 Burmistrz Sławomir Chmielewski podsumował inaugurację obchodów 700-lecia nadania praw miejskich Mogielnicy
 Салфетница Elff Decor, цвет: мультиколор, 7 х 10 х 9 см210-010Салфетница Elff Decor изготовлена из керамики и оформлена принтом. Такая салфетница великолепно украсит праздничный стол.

__________

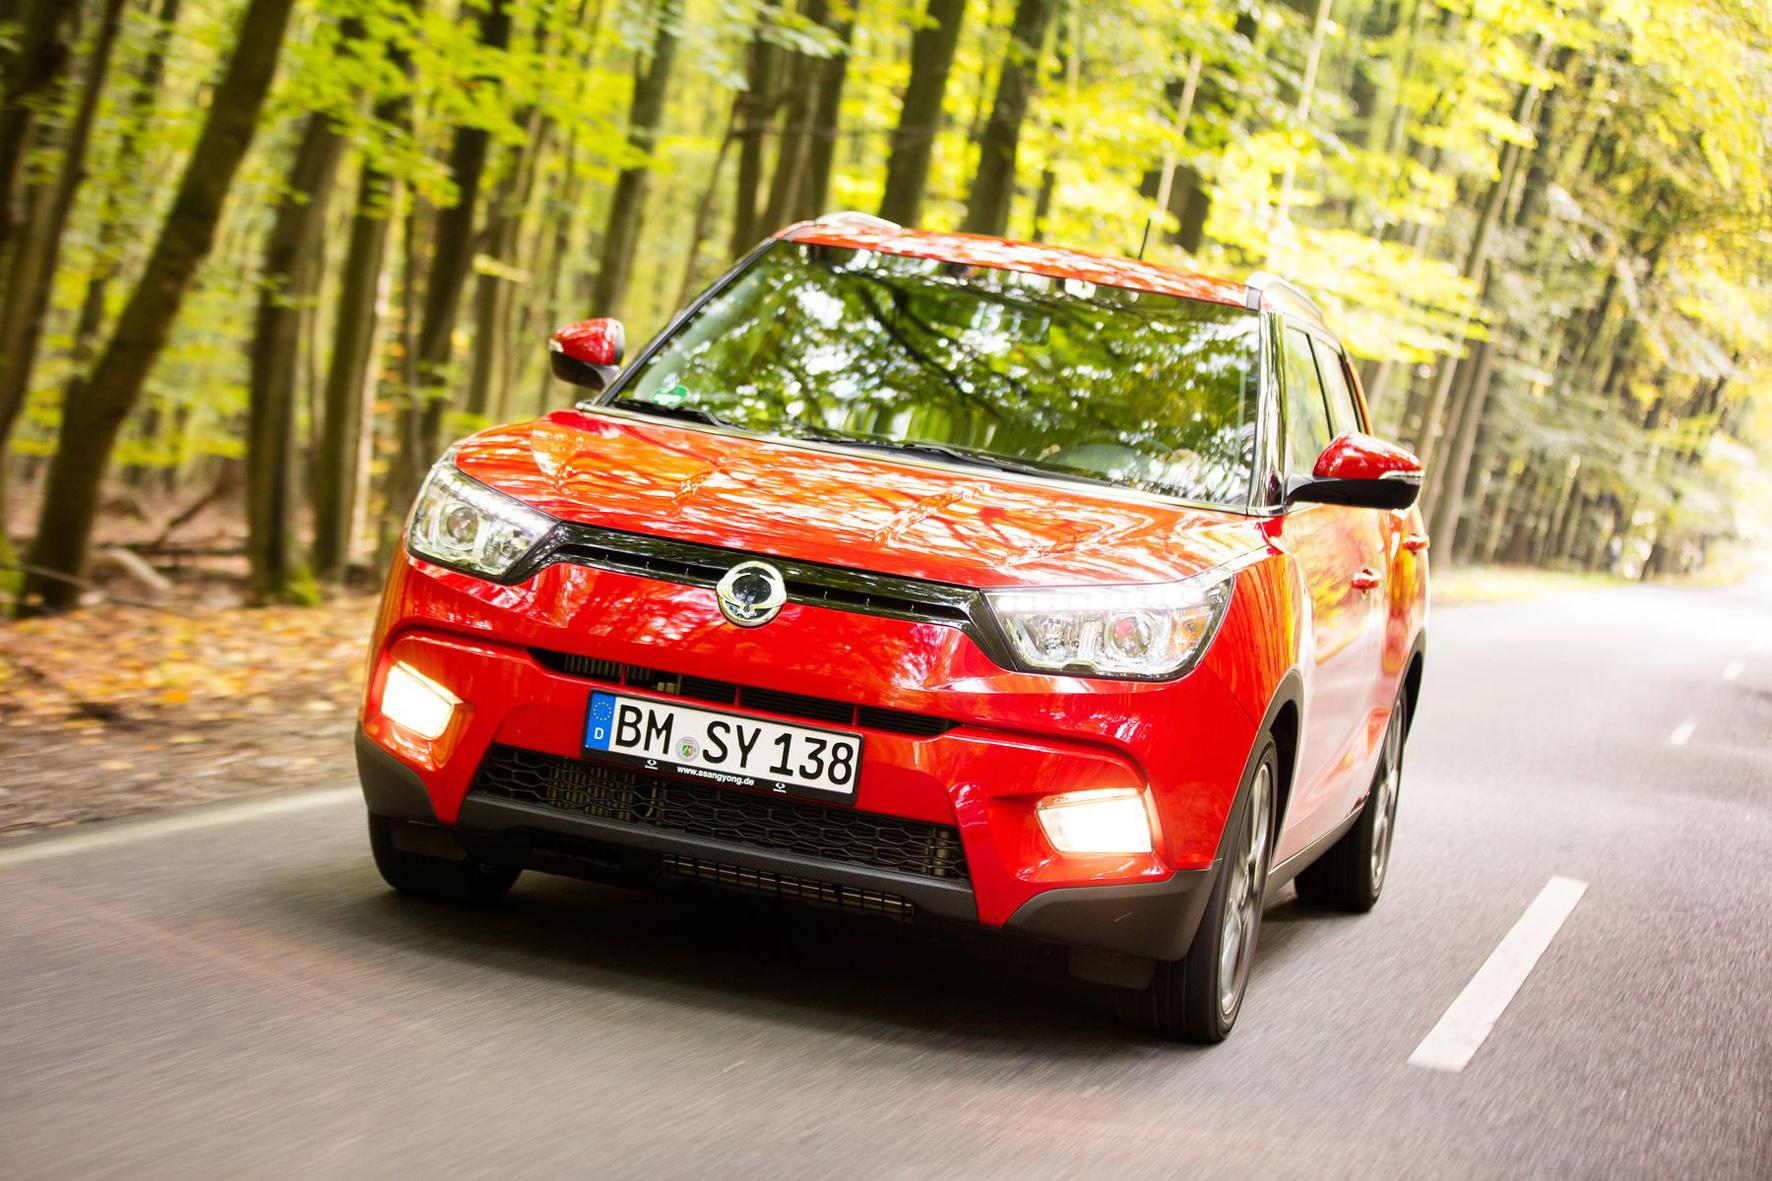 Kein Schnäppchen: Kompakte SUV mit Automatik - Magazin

__________

Scan the listing above for the line that has "Burmistrz Sławomir Chmielewski", then copy exactly from that line through the line that has "Салфетница Elff Decor, цвет: мультиколор, 7".

§ Task result:
 Burmistrz Sławomir Chmielewski podsumował inaugurację obchodów 700-lecia nadania praw miejskich Mogielnicy
 Салфетница Elff Decor, цвет: мультиколор, 7 х 10 х 9 см210-010Салфетница Elff Decor изготовлена из керамики и оформлена принтом. Такая салфетница великолепно украсит праздничный стол.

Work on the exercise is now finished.